Best “Blue Marble” Images Yet


The Goddard Space Flight Center has a Flickr account showcasing a series of images of our own home planet. Called “Blue Marble,” these spectacular images are the most detailed true-color image of the entire Earth to date. Using a collection of satellite-based observations, scientists and visualizers stitched together months of observations in 2001 of the land surface, oceans, sea ice, and clouds into a seamless, true-color mosaic of every square kilometer (.386 square mile) of our planet. Your tax dollars at work, these images are freely available to educators, scientists, museums, and the public. This record includes preview images and links to full resolution versions up to 21,600 pixels across.
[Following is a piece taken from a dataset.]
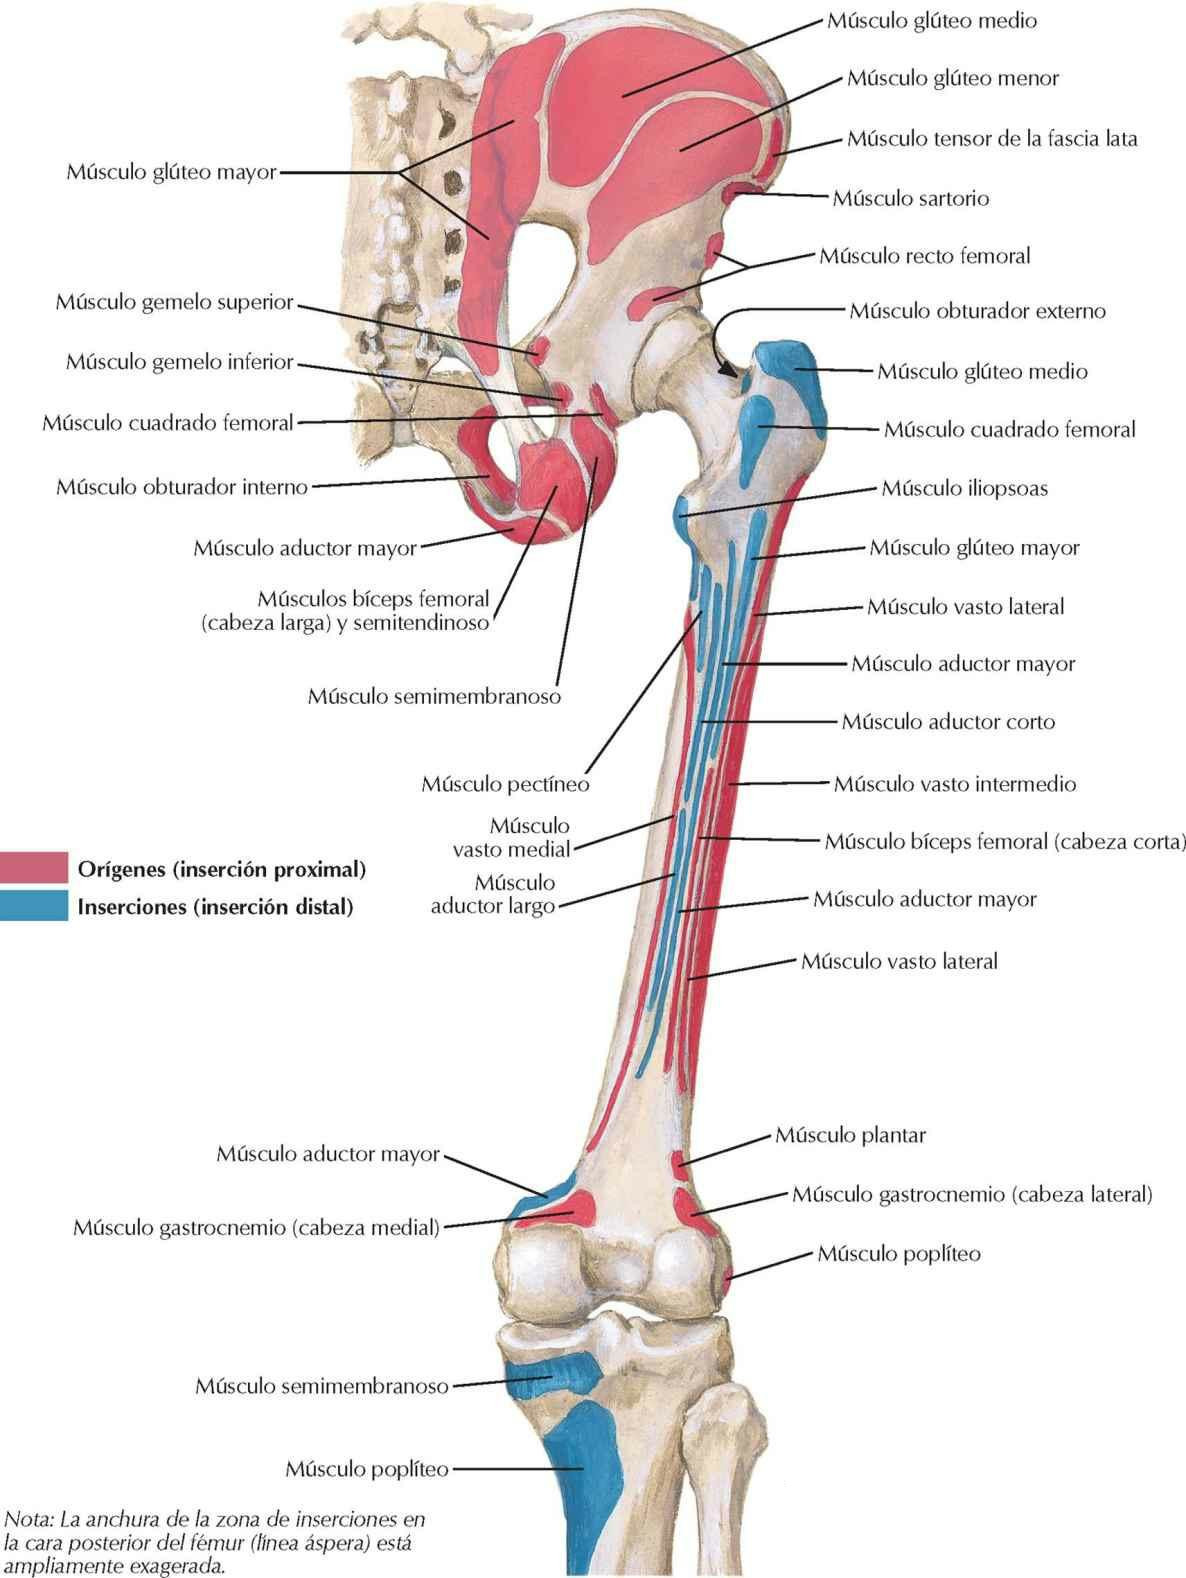 Inserciones óseas de los músculos de cadera y muslo: visión posterior

Our blue marble. Credit: NASA

Compare these new images to the original “Blue Marble” photograph, below, taken by the Apollo 17 crew in 1968.

The original Blue Marble by Apollo 17.

10 Replies to “Best “Blue Marble” Images Yet”
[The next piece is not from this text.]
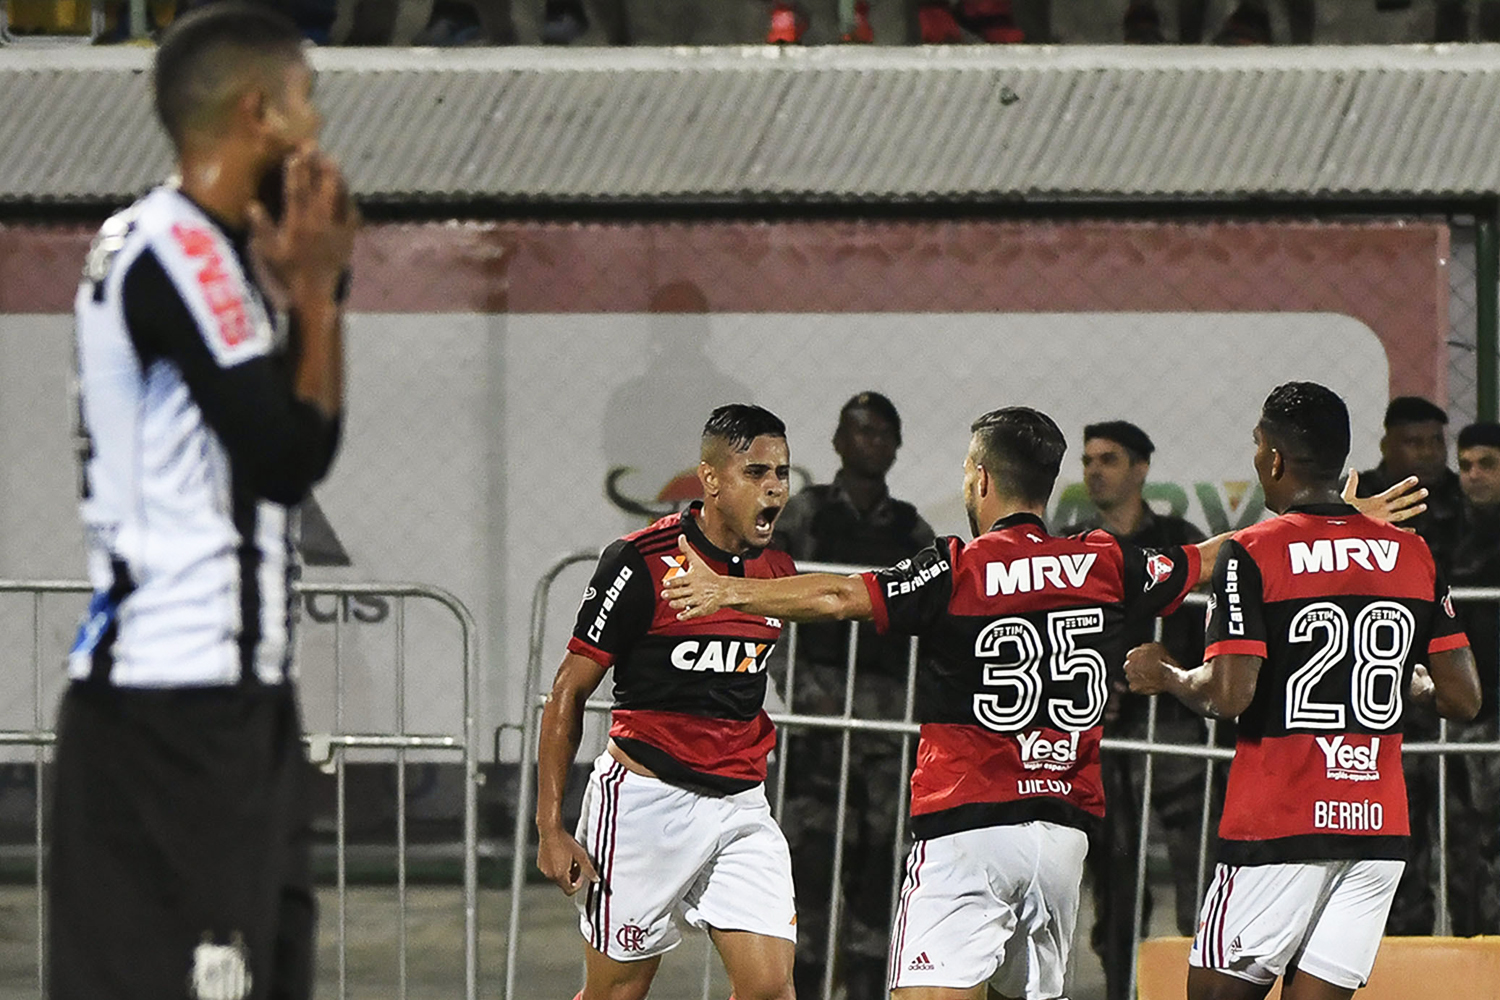 Copa do Brasil: em vantagem, Flamengo enfrenta o Santos | VEJA

  1. This is a deliciously enviable planet. As an extra-terrestrial, I am jealous of those watery bipeds. If I lived here, I would do more to ensure that it remains this nice.

  2. Earth is really a unique and the most beautiful planet in the universe.It is clear from this picture that earth really a true heaven that we can imagine.
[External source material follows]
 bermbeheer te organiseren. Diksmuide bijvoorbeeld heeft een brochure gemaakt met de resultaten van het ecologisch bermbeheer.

  3. Beautiful. These new images give us a better idea what the Earth REALLY looked like to the Apollo astronauts as they headed to and from the Moon 40 years ago.

  4. When I was a kid, artists’ impressions of the earth from space were mostly green land dark, almost black sea and with almost no clouds, Apollo 8 changed that forever.

  5. Even with the fuzzy and grainy Earth video from lunar orbit, I remember looking at the moon with my 2″ Sears scope, knowing men were right then orbiting the moon.

  6. Glad at least see Nancy respond to spam complaints on her stories. When will the others address this person:

  7. I’ve removed all of Joyce’s posts and deleted the account. SPAM posts are going to happen Jon, and it’s hard to delete them when we’re asleep.

  8. My humble apologies to Fraiser Cain. I was not my intention to impugn UT staffers and will be more tolerant of this time-delay matter in the future. Thank you, Fraiser, for your commendable response in this matter! 🙂

  9. One thing I thought would have been literally out of this world to see… the experience the lunar astronauts had of watching both the Moon and Earth getting larger and larger during their trip.